Certains voudraient nous mettre devant une sorte de dilemme : ou bien on est pour la Réconciliation, qui entend dénoncer les injustices passées et réparer les injustices présentes, ou bien on ne tient pas compte des revendications et des droits autochtones.


Il faut refuser ce dilemme artificiel.


Il y a un long chemin à faire pour cette nécessaire réconciliation, mais il ne passe pas par les blocus ferroviaires dans un contexte aussi nébuleux. 


Il y a des voies de revendication politiques et judiciaires, et elles ont souvent porté leurs fruits ces dernières années. Les tribunaux ont reconnu des titres autochtones plusieurs fois. Mais dans le cas des Mohawks et des sympathisants qui font le blocus en Ontario, il n’est même pas question de ça.

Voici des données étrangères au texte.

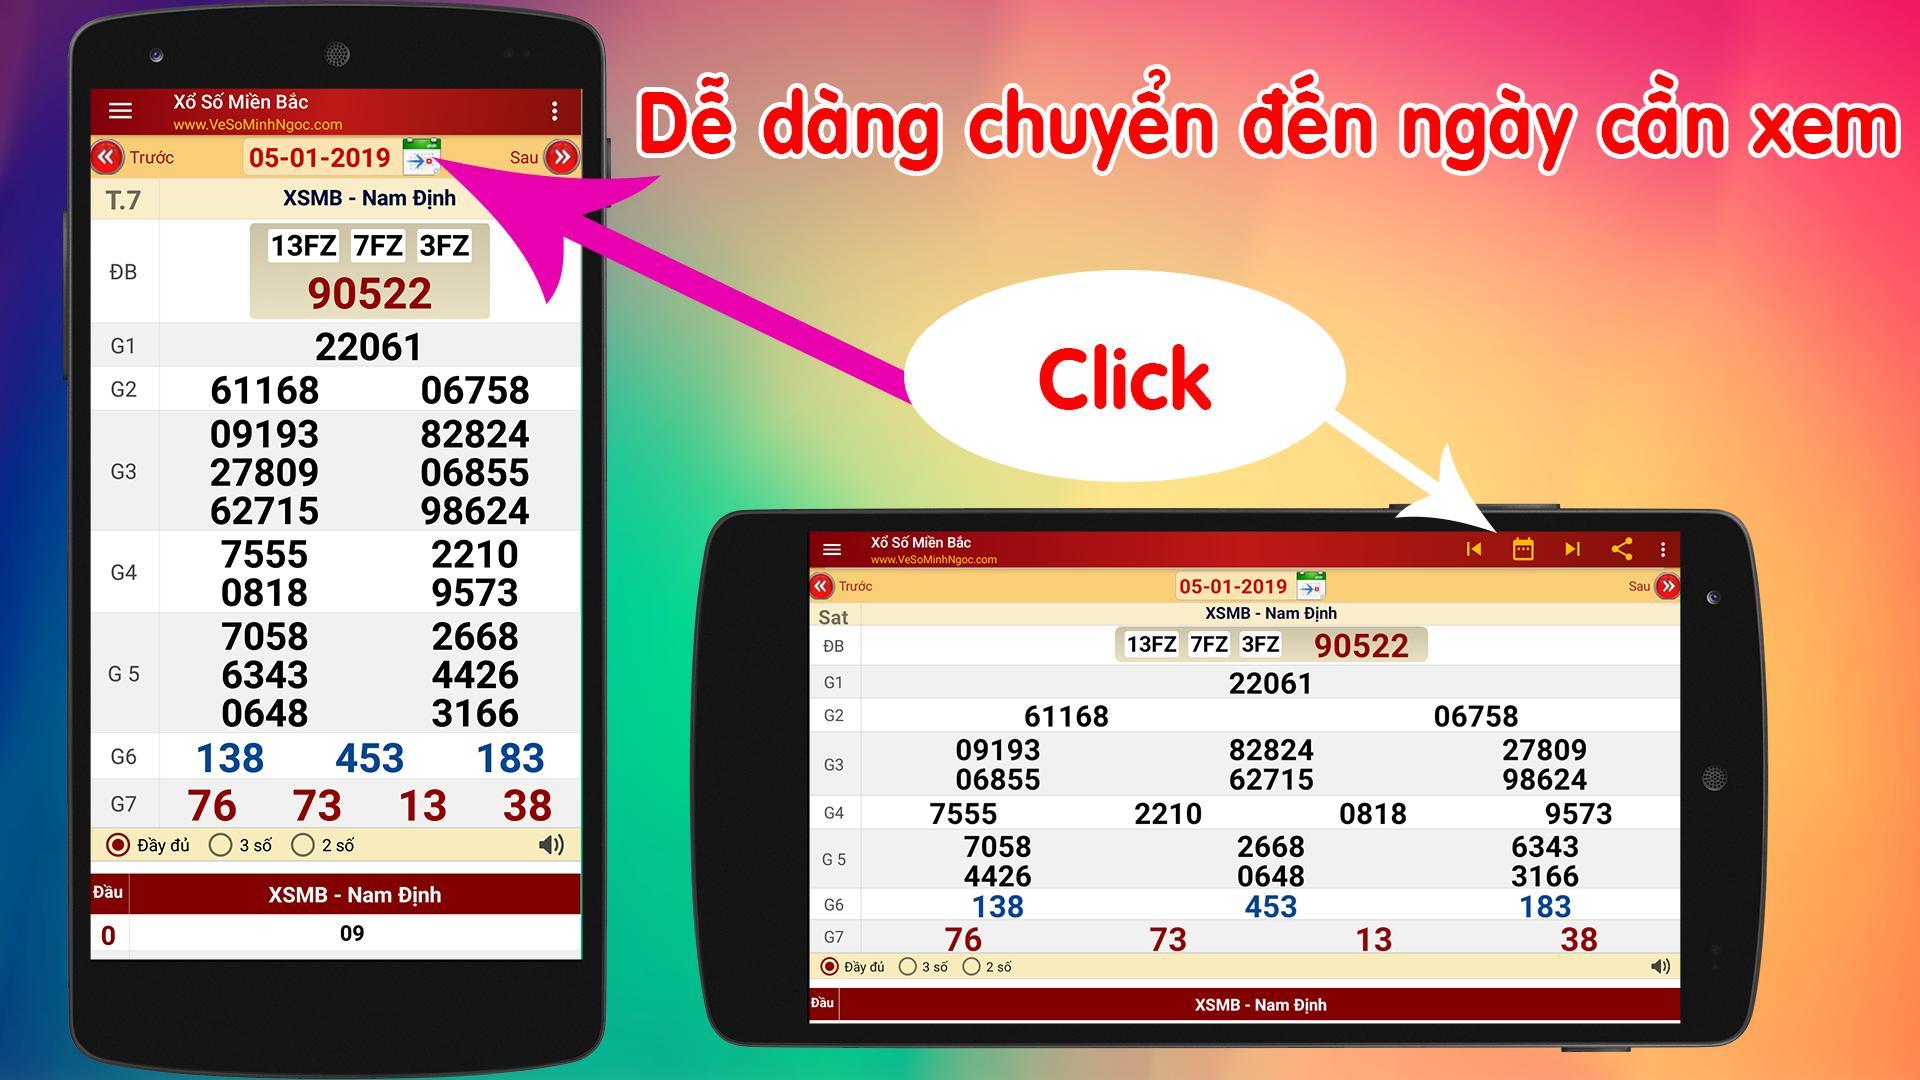 Kqxs Xsmn Xsmb Vietlott Trực Tiếp Xổ Số Minh Ngọc For Android Apk Download

C’est un acte de soutien d’une minorité pour les droits d’une autre nation (largement en faveur du gazoduc, en passant). Et c’est indéfendable politiquement comme juridiquement.


Le grand chef Serge Otsi Simon de Kanesatake disait mardi avec raison que la prolongation de ce blocus ne ferait rien pour avancer la cause autochtone, qu’elle donnerait au contraire raison à tous ceux qui la refusent. Il y a ici un risque politique non seulement pour le gouvernement libéral, mais aussi pour les nations autochtones qui ont un gouvernement disposé au dialogue comme il n’y en a peut-être jamais eu au Canada.


Il ne s’agit pas d’envoyer l’armée, mais ce n’est pas vrai non plus qu’il est impensable de faire intervenir les forces policières à tout jamais. C’est un dernier recours, mais il arrive qu’on doive s’y rendre.


Avant d’en arriver là, on est tous pour le dialogue. Mais le dialogue dans un certain cadre, à certaines conditions. Dont la levée du blocus.


Mardi, on sentait l’extraordinaire timidité du gouvernement, et pas seulement dans le discours creux et plein de bons sentiments du premier ministre.


« Ça doit être à leur invitation », a dit la ministre des Relations Couronne-Autochtones, Carolyn Bennett. Car il y a de la méfiance et « des difficultés » chez certains chefs héréditaires wet’suwet’en.


La ministre parle de la possibilité d’une réunion « à la fin du mois » ! Le mois finit dans 10 jours… La ministre précise délicatement qu’elle voudrait que cette rencontre ait lieu « aussi tôt que possible ».


Il y a comme une urgence nationale qui ne semble pas être prise au sérieux, ni nommée.


Le danger n’est pas seulement la prolongation de cette crise coûteuse et désastreuse pour des milliers de personnes. C’est l’invitation à imiter cette technique de négociation.


Pour négocier, il n’est pas inutile de tracer une ligne quelque part, même si c’est dans le sable.


Mardi, Justin Trudeau, champion de la compassion (il a été à son mieux après l’attaque de l’avion à Téhéran, par exemple), a raté cette occasion. Encore.